--- START ---
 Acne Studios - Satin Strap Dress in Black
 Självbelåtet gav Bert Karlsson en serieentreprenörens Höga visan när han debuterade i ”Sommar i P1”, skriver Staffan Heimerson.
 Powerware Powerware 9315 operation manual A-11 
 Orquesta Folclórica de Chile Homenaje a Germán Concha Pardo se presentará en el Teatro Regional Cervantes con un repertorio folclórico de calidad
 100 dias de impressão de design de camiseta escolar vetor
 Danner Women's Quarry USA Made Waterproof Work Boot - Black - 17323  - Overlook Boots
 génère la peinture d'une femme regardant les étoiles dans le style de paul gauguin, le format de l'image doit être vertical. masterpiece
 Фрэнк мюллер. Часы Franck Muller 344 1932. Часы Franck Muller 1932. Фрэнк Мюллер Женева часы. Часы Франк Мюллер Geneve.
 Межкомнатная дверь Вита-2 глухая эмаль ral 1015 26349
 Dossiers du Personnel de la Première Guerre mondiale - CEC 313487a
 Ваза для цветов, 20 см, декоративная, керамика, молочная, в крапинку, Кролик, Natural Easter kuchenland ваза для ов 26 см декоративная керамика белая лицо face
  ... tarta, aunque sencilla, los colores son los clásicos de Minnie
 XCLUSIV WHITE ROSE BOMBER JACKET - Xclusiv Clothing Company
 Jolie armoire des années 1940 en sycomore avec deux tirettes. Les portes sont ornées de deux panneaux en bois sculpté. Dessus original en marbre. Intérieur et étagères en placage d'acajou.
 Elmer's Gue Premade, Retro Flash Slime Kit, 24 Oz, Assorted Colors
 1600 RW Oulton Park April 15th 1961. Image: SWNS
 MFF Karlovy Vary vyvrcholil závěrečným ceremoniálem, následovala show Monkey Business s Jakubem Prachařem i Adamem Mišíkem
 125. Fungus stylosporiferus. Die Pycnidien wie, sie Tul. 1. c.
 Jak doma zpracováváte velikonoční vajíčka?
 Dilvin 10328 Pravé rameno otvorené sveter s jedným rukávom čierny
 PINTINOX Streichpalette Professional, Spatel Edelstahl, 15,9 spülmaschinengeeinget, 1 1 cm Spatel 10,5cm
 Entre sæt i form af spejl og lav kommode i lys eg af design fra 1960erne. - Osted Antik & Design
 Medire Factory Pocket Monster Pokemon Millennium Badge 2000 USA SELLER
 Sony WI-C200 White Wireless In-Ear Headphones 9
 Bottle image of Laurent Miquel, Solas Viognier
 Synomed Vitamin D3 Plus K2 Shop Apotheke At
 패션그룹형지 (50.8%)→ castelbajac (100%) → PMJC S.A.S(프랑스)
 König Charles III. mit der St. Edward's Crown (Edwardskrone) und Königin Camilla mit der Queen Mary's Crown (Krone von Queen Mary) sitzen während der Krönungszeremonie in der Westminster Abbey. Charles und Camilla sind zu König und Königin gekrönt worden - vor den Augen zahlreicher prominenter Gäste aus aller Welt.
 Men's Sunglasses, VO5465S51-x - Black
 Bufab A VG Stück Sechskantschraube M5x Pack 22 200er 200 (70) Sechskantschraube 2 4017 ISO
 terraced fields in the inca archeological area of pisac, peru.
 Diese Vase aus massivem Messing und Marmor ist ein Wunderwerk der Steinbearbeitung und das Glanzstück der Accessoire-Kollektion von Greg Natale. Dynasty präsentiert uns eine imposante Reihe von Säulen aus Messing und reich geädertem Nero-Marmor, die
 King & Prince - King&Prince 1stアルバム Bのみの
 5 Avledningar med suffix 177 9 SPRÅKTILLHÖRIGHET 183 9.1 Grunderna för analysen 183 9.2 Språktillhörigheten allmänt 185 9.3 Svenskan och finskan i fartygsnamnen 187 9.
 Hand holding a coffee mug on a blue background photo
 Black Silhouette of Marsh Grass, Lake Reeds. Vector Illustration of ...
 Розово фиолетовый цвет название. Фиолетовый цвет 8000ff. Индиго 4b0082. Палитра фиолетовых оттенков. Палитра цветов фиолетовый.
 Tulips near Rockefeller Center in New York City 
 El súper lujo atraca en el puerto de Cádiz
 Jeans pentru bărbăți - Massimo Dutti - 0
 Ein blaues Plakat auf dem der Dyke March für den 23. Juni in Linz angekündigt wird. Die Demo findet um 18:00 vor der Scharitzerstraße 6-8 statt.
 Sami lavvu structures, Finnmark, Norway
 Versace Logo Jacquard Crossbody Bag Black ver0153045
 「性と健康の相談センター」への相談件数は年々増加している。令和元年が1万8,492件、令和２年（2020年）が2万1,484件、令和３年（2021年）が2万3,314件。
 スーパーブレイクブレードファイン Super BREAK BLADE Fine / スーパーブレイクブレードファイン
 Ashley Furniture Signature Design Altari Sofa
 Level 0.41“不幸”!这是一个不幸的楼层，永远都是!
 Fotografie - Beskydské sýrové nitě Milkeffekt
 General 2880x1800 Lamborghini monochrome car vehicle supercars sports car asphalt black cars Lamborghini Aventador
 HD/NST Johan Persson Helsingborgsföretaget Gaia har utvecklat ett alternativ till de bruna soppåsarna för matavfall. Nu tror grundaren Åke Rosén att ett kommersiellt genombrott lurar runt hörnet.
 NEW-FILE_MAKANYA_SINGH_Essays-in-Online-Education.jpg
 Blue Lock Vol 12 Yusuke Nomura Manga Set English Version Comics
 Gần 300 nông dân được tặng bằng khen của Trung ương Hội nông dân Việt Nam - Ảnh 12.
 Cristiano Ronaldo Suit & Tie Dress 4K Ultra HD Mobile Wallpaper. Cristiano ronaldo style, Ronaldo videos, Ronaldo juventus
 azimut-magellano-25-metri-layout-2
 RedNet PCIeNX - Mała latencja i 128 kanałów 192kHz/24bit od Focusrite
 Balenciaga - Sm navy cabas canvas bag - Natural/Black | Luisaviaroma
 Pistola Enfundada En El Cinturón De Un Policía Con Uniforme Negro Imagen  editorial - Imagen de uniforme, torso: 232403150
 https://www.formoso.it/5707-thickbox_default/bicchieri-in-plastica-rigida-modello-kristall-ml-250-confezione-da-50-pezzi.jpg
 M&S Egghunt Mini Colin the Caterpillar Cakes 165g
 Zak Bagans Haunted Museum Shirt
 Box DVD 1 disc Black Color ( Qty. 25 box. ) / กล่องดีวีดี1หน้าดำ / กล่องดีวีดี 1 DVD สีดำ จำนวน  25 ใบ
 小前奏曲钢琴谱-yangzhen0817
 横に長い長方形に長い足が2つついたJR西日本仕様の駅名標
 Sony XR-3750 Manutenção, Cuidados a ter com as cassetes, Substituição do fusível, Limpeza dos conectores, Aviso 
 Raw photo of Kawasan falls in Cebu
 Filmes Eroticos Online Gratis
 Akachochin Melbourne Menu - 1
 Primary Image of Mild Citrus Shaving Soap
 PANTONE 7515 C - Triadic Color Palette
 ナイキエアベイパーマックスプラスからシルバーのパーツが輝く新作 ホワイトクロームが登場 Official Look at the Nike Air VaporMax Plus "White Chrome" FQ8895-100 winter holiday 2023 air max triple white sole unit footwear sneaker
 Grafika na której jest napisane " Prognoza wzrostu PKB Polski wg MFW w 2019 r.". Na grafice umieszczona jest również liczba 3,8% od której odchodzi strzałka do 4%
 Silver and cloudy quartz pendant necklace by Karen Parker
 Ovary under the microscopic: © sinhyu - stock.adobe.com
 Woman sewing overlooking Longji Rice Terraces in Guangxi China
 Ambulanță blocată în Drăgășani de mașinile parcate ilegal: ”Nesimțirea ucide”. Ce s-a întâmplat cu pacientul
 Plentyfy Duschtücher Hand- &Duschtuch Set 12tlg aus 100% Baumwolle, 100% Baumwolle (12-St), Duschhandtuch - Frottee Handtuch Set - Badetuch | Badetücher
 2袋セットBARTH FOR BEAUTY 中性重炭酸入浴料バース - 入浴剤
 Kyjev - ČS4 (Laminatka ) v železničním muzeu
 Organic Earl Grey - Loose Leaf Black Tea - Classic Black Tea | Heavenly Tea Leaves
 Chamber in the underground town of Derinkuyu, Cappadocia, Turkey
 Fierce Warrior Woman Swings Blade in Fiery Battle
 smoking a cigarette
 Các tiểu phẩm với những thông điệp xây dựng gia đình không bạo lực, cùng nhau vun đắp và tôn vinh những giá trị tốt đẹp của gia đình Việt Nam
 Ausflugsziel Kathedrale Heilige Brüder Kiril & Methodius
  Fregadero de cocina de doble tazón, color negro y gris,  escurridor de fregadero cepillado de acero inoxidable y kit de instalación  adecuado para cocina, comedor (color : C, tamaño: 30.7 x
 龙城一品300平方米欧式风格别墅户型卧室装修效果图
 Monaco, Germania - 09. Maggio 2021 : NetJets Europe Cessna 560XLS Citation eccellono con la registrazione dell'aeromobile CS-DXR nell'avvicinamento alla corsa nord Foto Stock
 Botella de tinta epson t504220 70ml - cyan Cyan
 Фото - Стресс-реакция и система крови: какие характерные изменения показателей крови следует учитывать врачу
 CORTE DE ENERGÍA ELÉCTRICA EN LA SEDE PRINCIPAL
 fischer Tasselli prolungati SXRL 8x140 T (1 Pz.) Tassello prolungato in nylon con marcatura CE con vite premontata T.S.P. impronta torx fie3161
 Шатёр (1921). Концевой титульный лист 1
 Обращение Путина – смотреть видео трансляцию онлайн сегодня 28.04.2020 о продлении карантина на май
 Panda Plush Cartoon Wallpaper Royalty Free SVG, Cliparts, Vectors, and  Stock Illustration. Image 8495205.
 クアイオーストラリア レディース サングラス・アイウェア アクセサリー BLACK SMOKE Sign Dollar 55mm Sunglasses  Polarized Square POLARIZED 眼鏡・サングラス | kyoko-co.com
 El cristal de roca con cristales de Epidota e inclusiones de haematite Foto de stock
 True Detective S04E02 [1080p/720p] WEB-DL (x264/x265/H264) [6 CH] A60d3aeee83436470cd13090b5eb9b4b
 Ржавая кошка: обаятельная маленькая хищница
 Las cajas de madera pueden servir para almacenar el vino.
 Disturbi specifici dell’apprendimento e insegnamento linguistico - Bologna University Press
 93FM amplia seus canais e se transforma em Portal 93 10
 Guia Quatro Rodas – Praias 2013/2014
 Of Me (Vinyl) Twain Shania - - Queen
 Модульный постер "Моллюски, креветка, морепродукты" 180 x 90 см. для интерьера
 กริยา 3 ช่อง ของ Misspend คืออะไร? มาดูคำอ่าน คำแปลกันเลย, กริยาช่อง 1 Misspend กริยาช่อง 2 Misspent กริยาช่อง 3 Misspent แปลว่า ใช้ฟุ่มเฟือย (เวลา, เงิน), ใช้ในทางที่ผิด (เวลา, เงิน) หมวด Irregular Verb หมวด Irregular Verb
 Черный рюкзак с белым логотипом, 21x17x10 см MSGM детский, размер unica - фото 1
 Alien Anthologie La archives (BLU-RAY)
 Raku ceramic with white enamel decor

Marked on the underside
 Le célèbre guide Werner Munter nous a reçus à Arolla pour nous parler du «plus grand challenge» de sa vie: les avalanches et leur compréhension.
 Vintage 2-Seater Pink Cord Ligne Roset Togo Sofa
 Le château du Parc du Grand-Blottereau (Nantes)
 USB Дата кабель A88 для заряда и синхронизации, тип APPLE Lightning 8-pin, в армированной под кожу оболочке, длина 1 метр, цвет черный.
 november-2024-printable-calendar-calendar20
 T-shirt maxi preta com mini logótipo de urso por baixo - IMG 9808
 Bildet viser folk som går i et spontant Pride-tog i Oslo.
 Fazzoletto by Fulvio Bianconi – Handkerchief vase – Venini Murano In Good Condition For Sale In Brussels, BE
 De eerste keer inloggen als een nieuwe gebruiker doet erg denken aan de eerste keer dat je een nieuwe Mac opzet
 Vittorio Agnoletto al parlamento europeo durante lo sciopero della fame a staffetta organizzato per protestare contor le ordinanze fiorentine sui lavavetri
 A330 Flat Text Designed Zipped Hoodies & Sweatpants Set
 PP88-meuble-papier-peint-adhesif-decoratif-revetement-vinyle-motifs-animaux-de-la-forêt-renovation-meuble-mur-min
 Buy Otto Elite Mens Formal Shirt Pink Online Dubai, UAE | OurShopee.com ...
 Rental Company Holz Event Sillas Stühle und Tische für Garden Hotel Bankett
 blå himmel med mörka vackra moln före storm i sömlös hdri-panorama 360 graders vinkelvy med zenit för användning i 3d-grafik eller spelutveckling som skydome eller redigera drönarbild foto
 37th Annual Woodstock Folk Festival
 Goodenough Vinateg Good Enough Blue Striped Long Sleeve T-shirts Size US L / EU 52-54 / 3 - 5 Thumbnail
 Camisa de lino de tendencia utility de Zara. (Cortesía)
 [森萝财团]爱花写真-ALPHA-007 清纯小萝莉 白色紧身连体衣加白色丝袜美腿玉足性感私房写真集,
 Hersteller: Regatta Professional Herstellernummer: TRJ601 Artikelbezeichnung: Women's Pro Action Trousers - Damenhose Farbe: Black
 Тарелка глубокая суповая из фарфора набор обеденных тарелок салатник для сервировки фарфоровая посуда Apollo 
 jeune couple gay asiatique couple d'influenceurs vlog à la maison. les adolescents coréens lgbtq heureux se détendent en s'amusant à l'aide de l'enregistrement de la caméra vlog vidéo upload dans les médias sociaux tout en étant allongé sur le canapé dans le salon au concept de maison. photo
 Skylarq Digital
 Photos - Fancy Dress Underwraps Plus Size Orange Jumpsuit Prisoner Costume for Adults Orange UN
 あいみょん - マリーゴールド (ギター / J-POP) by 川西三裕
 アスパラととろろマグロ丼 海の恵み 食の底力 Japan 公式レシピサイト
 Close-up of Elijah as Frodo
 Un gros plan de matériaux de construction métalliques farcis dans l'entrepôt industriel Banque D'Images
--- END ---
Using the data above, repeat exactly the lines that begin at the line with "Synomed Vitamin D3 Plus K2 Shop Apotheke At" and end at the line with "Sami lavvu structures, Finnmark, Norway", both ends included.

 Synomed Vitamin D3 Plus K2 Shop Apotheke At
 패션그룹형지 (50.8%)→ castelbajac (100%) → PMJC S.A.S(프랑스)
 König Charles III. mit der St. Edward's Crown (Edwardskrone) und Königin Camilla mit der Queen Mary's Crown (Krone von Queen Mary) sitzen während der Krönungszeremonie in der Westminster Abbey. Charles und Camilla sind zu König und Königin gekrönt worden - vor den Augen zahlreicher prominenter Gäste aus aller Welt.
 Men's Sunglasses, VO5465S51-x - Black
 Bufab A VG Stück Sechskantschraube M5x Pack 22 200er 200 (70) Sechskantschraube 2 4017 ISO
 terraced fields in the inca archeological area of pisac, peru.
 Diese Vase aus massivem Messing und Marmor ist ein Wunderwerk der Steinbearbeitung und das Glanzstück der Accessoire-Kollektion von Greg Natale. Dynasty präsentiert uns eine imposante Reihe von Säulen aus Messing und reich geädertem Nero-Marmor, die
 King & Prince - King&Prince 1stアルバム Bのみの
 5 Avledningar med suffix 177 9 SPRÅKTILLHÖRIGHET 183 9.1 Grunderna för analysen 183 9.2 Språktillhörigheten allmänt 185 9.3 Svenskan och finskan i fartygsnamnen 187 9.
 Hand holding a coffee mug on a blue background photo
 Black Silhouette of Marsh Grass, Lake Reeds. Vector Illustration of ...
 Розово фиолетовый цвет название. Фиолетовый цвет 8000ff. Индиго 4b0082. Палитра фиолетовых оттенков. Палитра цветов фиолетовый.
 Tulips near Rockefeller Center in New York City 
 El súper lujo atraca en el puerto de Cádiz
 Jeans pentru bărbăți - Massimo Dutti - 0
 Ein blaues Plakat auf dem der Dyke March für den 23. Juni in Linz angekündigt wird. Die Demo findet um 18:00 vor der Scharitzerstraße 6-8 statt.
 Sami lavvu structures, Finnmark, Norway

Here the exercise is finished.